Plaintiffs do not oppose participation by STTOP as amicus curiae. The Court considers STTOP and Fleser and Robinson’s papers filed as amici briefs. 1 Although STTOP seeks additional time to file a brief in opposition to Plaintiffs’ Motion for Preliminary Injunction, because the Court has denied STTOP’s Motion to Intervene as a party in this case and the parties have agreed to consolidate the preliminary injunction hearing with a hearing on the merits of the case, any additional briefs on the Motion for Preliminary Injunction are not required.
y. CONCLUSION
The Court declares that the Michigan statute, known as the Legal Birth Definition Act, M.C.L. § 333.1081 et seq., is unconstitutional. As more fully set forth above, the Act places an undue burden on the woman’s right to reproductive choice, fails to contain language protecting the health of the pregnant woman, contains a life exception language which is constitutionally inadequate and includes language which is unconstitutionally vague.
Accordingly,
IT IS ORDERED that Defendants’ Motion to Dismiss (Docket No. 19, filed April 11, 2005) is DENIED.

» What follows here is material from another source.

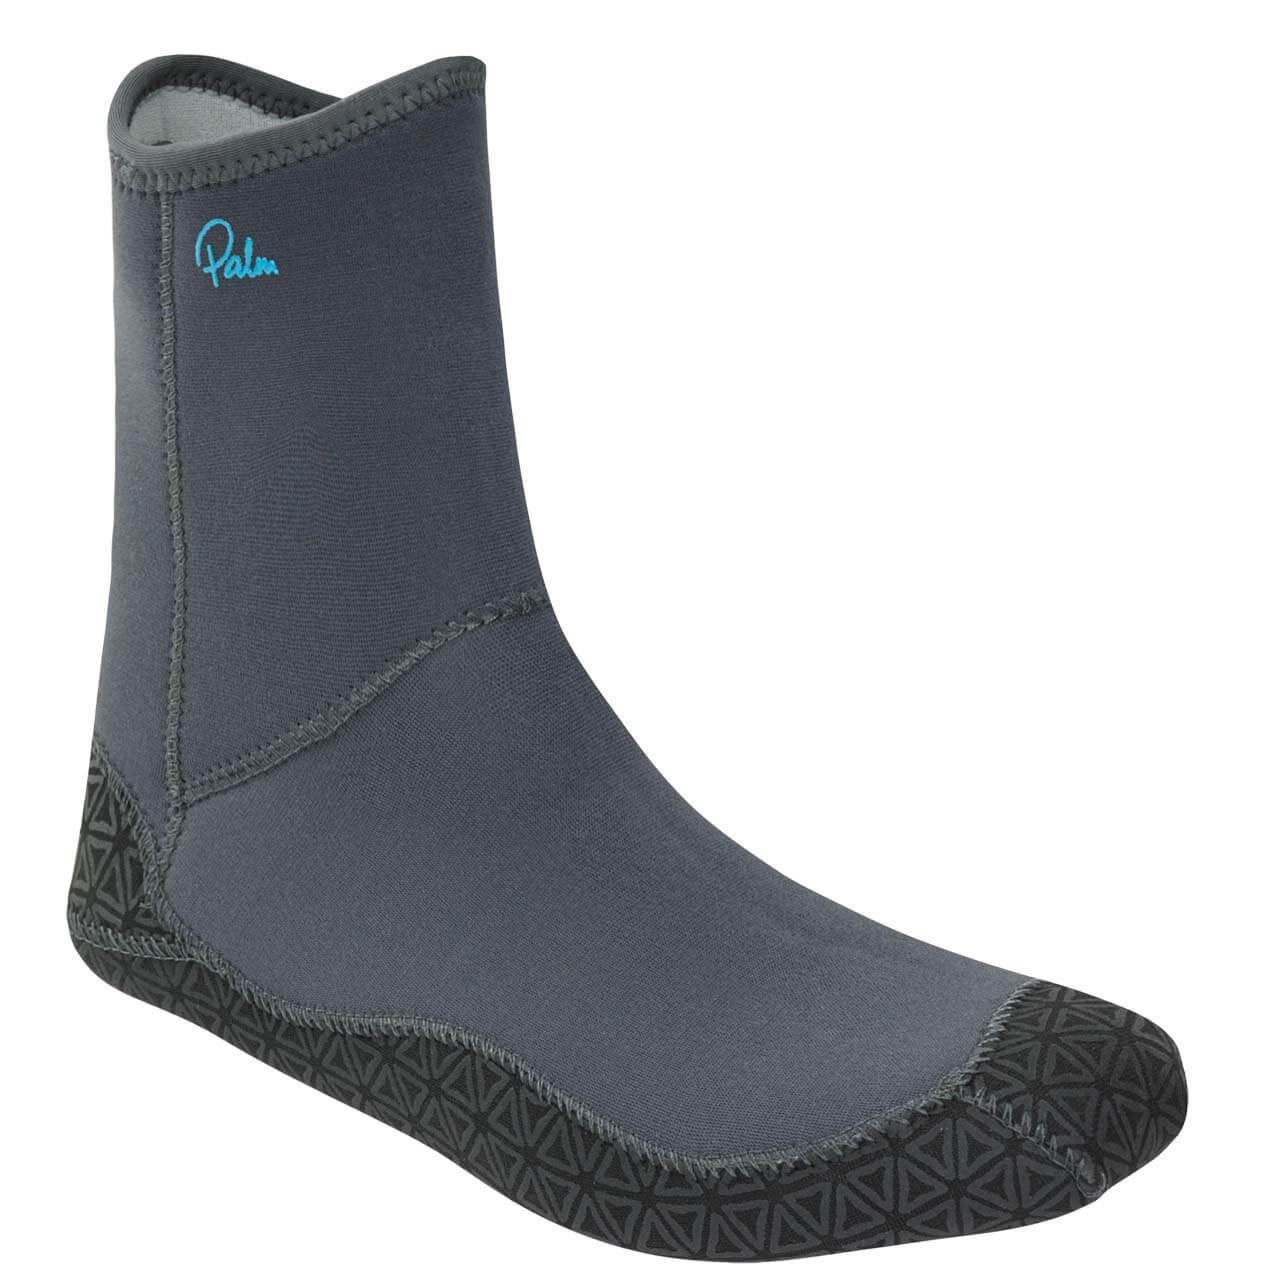 Palm Kick Socks - Jet Grey, M von Palm Equipment

IT IS FURTHER ORDERED that Plaintiffs’ Motion for an Order to Consolidate Hearing on Motion for Preliminary Injunction with a Final Hearing on the Merits (Docket No. 37, filed June 2, 2005) is GRANTED, as agreed to by the parties at the hearing.
IT IS FURTHER ORDERED that Plaintiffs’ Motion for Preliminary Injunction (Docket No. 3, filed March 1, 2005) is MOOT, the Court having ruled on the merits of the case.
IT IS FURTHER ORDERED that STTOP’s Motion to Intervene (Docket No. 10, filed March 16, 2005) is DENIED; however, the papers filed are received as amici curiae briefs.
*991 IT IS FURTHER ORDERED that Fleser and Robinson’s Motion to Intervene as amici (Docket No. 42, filed June 2, 1005) as to any papers already filed is GRANTED.
IT IS FURTHER ORDERED that STTOP’s Motion to File Brief in Opposition to Plaintiffs’ Motion for Preliminary Injunction (Docket No. 45, filed June 16, 2005) is DENIED.
Notes
. On May 17, 2005, Plaintiffs submitted a Notice of Filing attaching a brochure by the Right to Life of Michigan, "You’re Being Robbed." This is to support Plaintiffs’ claim that STTOP, a part of the Right to Life of Michigan, is essentially a fund-raising organization. In response, STTOP opposes the "Notice” stating it is untimely filed and not pertinent. It is noted that the brochure had no bearing on the Court's analysis regarding the intervention motion.